Search the data below for the string "Gefäß". Extract every line that contains it.

[Dataset records]
>>>>>

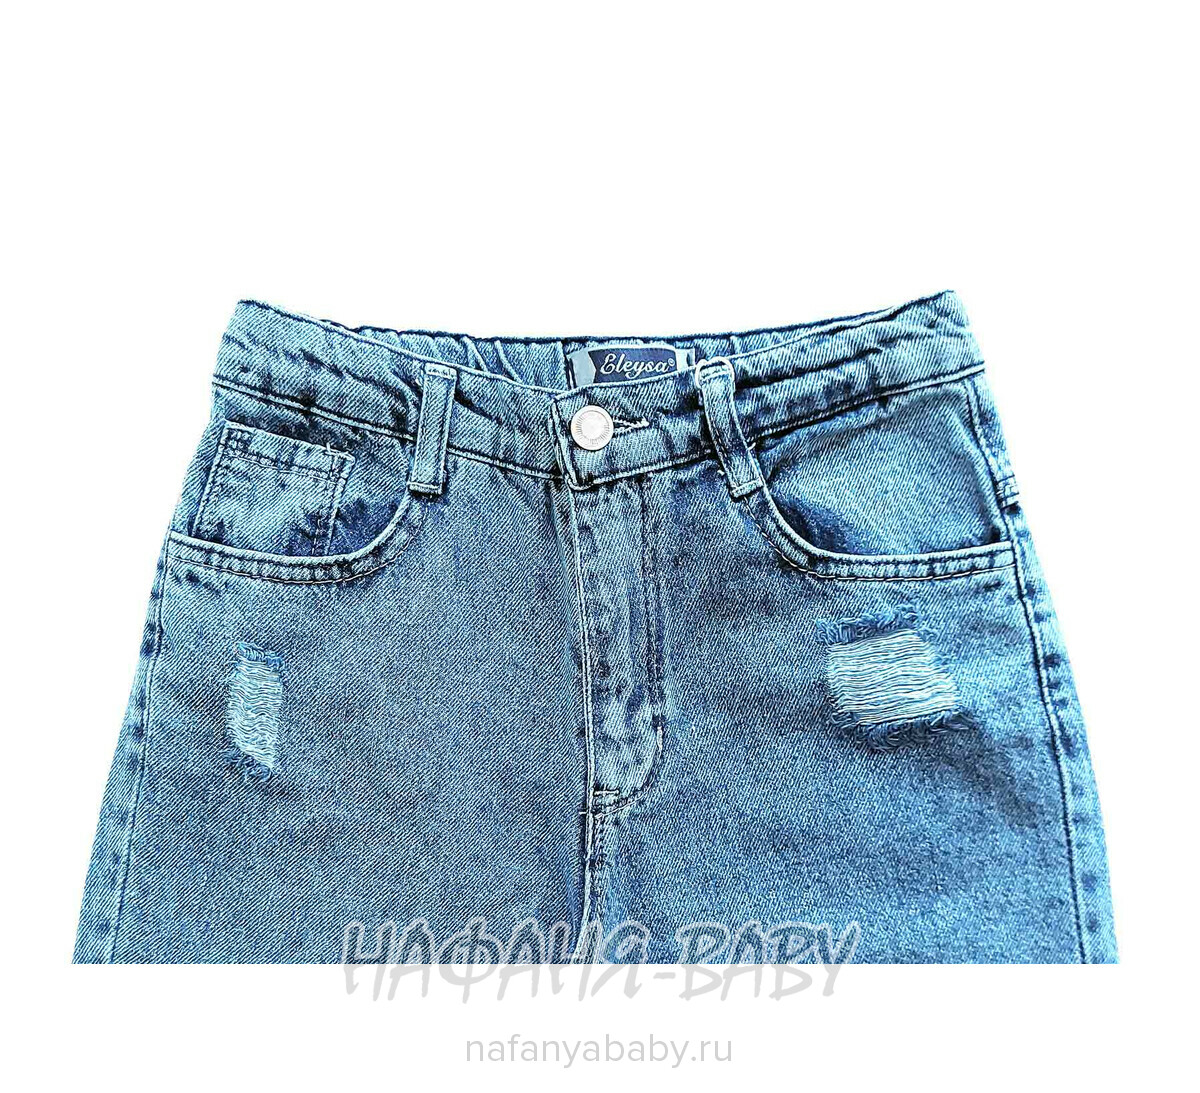 Джинсы ELEYSA Jeans арт: 65822 для девочки 13-16 лет, цвет синий, оптом Турция
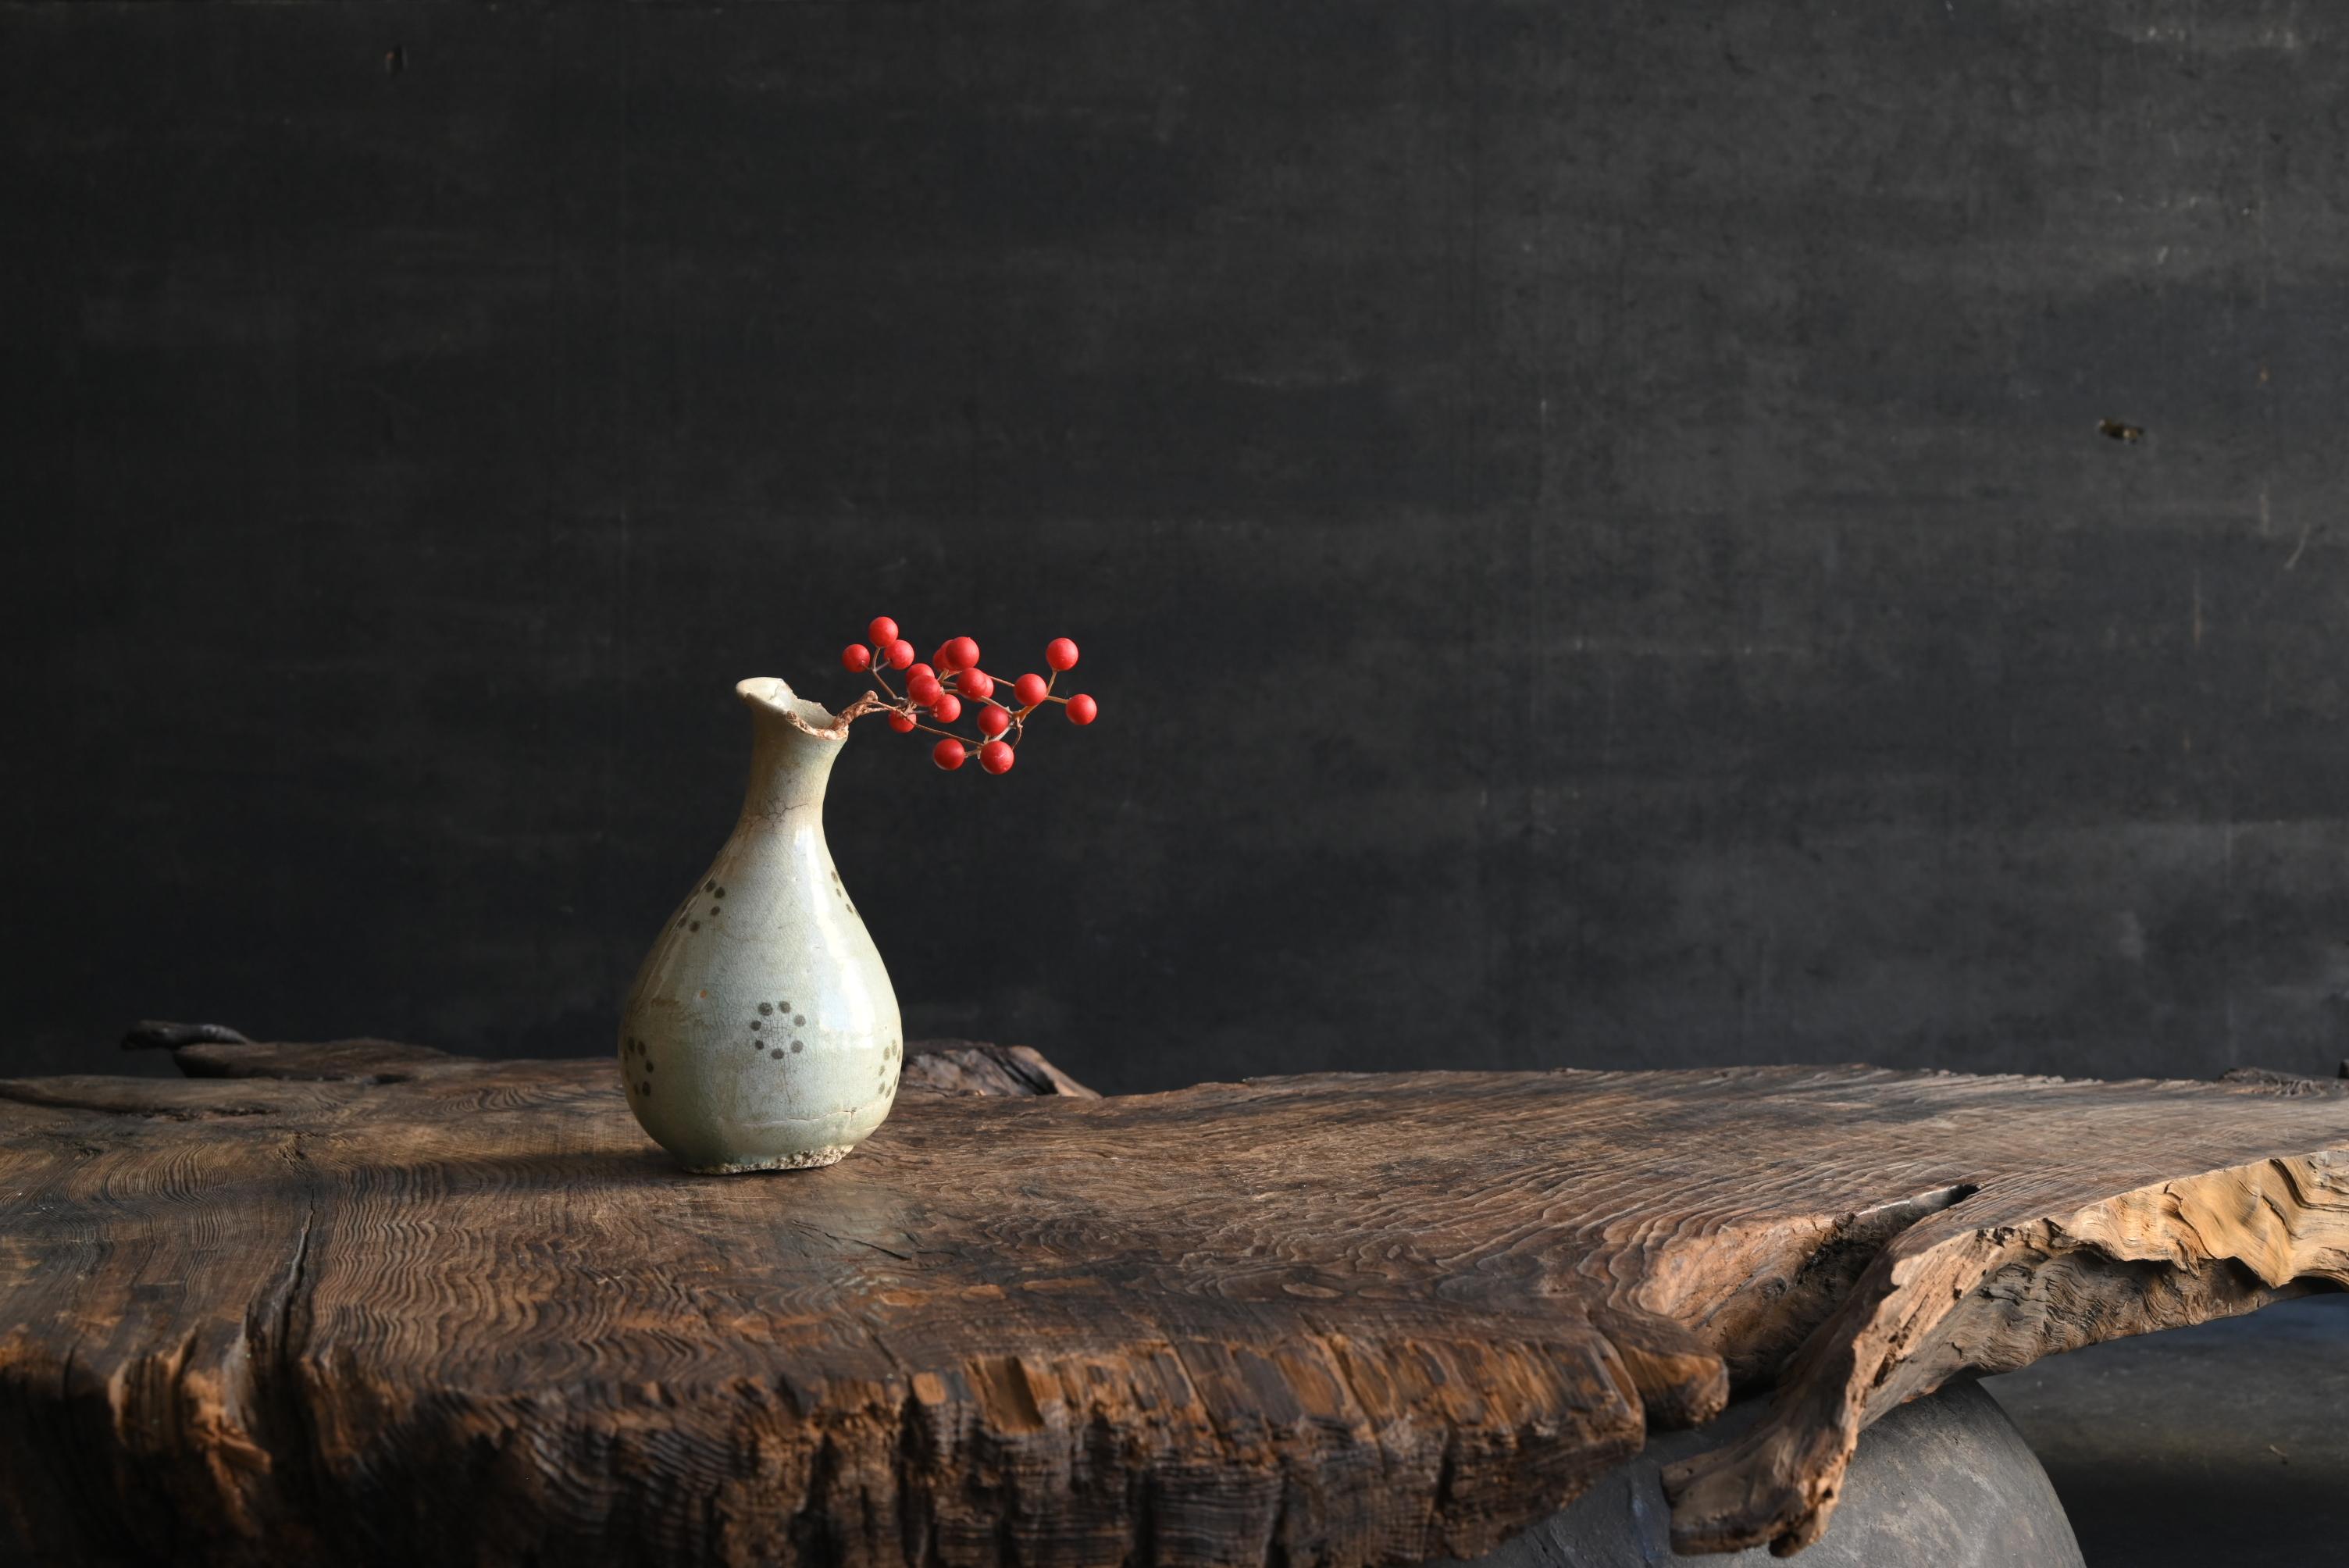 Ich möchte koreanische antike Keramik mit einem sehr seltenen Design vorstellen.
Dies ist ein vasenförmiges Gefäß aus der frühen Joseon-Dynastie in Korea.
Es wird vermutet, dass dieses Gefäß ursprünglich mit Öl gefüllt war.

Die Form des Behälters

<<<<<

=== WORKED SOLUTION ===
Dies ist ein vasenförmiges Gefäß aus der frühen Joseon-Dynastie in Korea.
Es wird vermutet, dass dieses Gefäß ursprünglich mit Öl gefüllt war.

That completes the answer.